Há duas notas para hoje que merecem reflexão, porque, afinal, todas estão imbricadas na história profunda do século XX. No ano de 1946, Churchill fazia em Fulton o célebre discurso em que denunciava a “cortina de ferro”, através da qual o sovietismo estava a dividir a Europa. Sete anos depois no mesmo dia, morre Estaline. Curiosamente, no dia seguinte àquele em que se comemora o discurso de um PCP que, na realidade, só foi fundado mais de um lustro volvido, com a reorganização de Bento Gonçalves. E tudo bem antes de Moscovo ser governada pelo degelo anti-estalinista que, afinal, criou o Pacto de Varsóvia, construiu o “muro da vergonha” e até invadiu Praga, proibindo as primaveras, antes de medir os respectivos poderes e optar pela “perestroika” e por Putine.
O recriador do conservadorismo no século XX, contudo, olhava a Europa bem de fora: mesmo sem o Império Britânico e a Rússia, a massa europeia, uma vez unida, uma vez federada ou parcialmente federada, uma vez consciente do seu continentalismo, constituirá um organismo sem igual. No que diz respeito à Inglaterra, nós estamos com a Europa, mas não somos da Europa. Estamos ligados, mas não estamos incluídos.
E a tal Europa do eixo franco-alemão, mesmo depois das “Libérations” não deixava de ser a continuadora dos Jules Férry e dos Norton de Matos, como se expressava na democratíssima constituição da França antifascista: A França forma com os povos do ultramar uma União fundada na igualdade dos direitos e deveres, sem distinção de raça nem de religião … Fiel à sua missão tradicional, a França entende conduzir os povos…para a liberdade de se administrarem por si próprios. Isto é, tanto britânicos como galos, ainda assumiam, muito democraticamente, o white man’s burden… E se soubessem de política internacional perceberiam que a superpotência russa ainda praticava o clássico imperial-comunismo que traduzia em século XX a velha Weltpolitik, onde a ideologia do internacionalismo proletário apenas era uma espécie de federalismo anestesiante.

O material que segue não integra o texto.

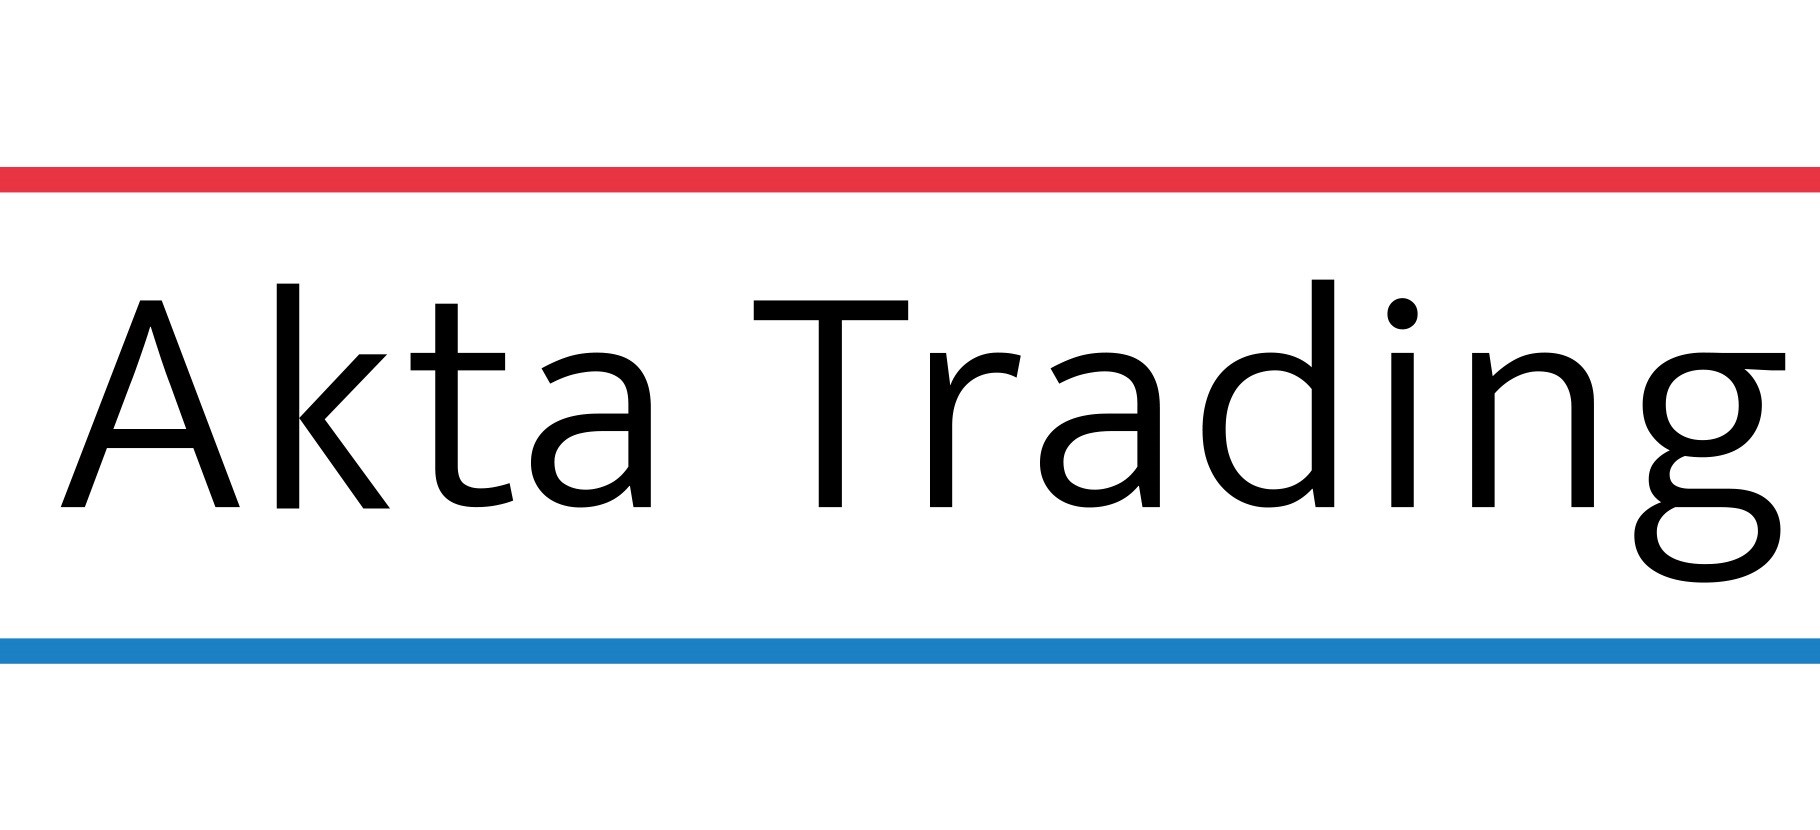 akta-logo-1820-x-830

Daí o paternal conselho de Churchill aos homens do Eixo franco-alemão, alguns meses depois, no discurso de Zurique: se os países europeus chegarem a unir-se, os seus 300 a 400 milhões de habitantes conhecerão, pelo fruto de uma herança comum, uma prosperidade, uma glória, uma felicidade que nenhum limite, que nenhuma fronteira limitará. É preciso que a família europeia, ou, pelo menos, a maior parte possível da família europeia, se reforme e renove os seus laços, de tal maneira que possa desenvolver-se na paz, na segurança e na liberdade. É preciso erigir qualquer coisa como os Estados Unidos da Europa. O primeiro passo que deve dar-se é a constituição de um Conselho Europeu. Para conduzir a bom termo esta urgente tarefa, a França e a Alemanha deverão reconciliar-se, a Grã-Bretanha, a família dos povos britânicos, a poderosa América e, espero-o sinceramente, a União Soviética – porque, assim, tudo se resolverá – deverão tronar-se amigos e protectores da nova Europa, deverão defender o seu direito à vida e à prosperidade.
O georgiano Estaline, se pudesse, isto é, se tivesse poderes para tanto, faria o mesmo discurso. Truman e Eisenhower preferirão a OECE e Jean Monnet. Salazar, infelizmente, porque não tinha carta de condução, não conseguiu voltar para Santa Comba Dão. Mas ainda participou na fundação da EFTA e ponderou pedir a inicial adesão à CEE, numa altura em que esta ainda reunia a final flor dos velhos impérios coloniais europeus que, aliás, só o deixaram de ser quando, reconhecendo a respectiva falta de força, se descolonizaram, acirrando o neocolonialismo, como se tornou patente no ciclo que vai do desembarque em Port Said, contra a nacionalização do Canal de Suez, à recente “pacificação” do Iraque, onde colaborámos com o desembarque do socialista José Lamego.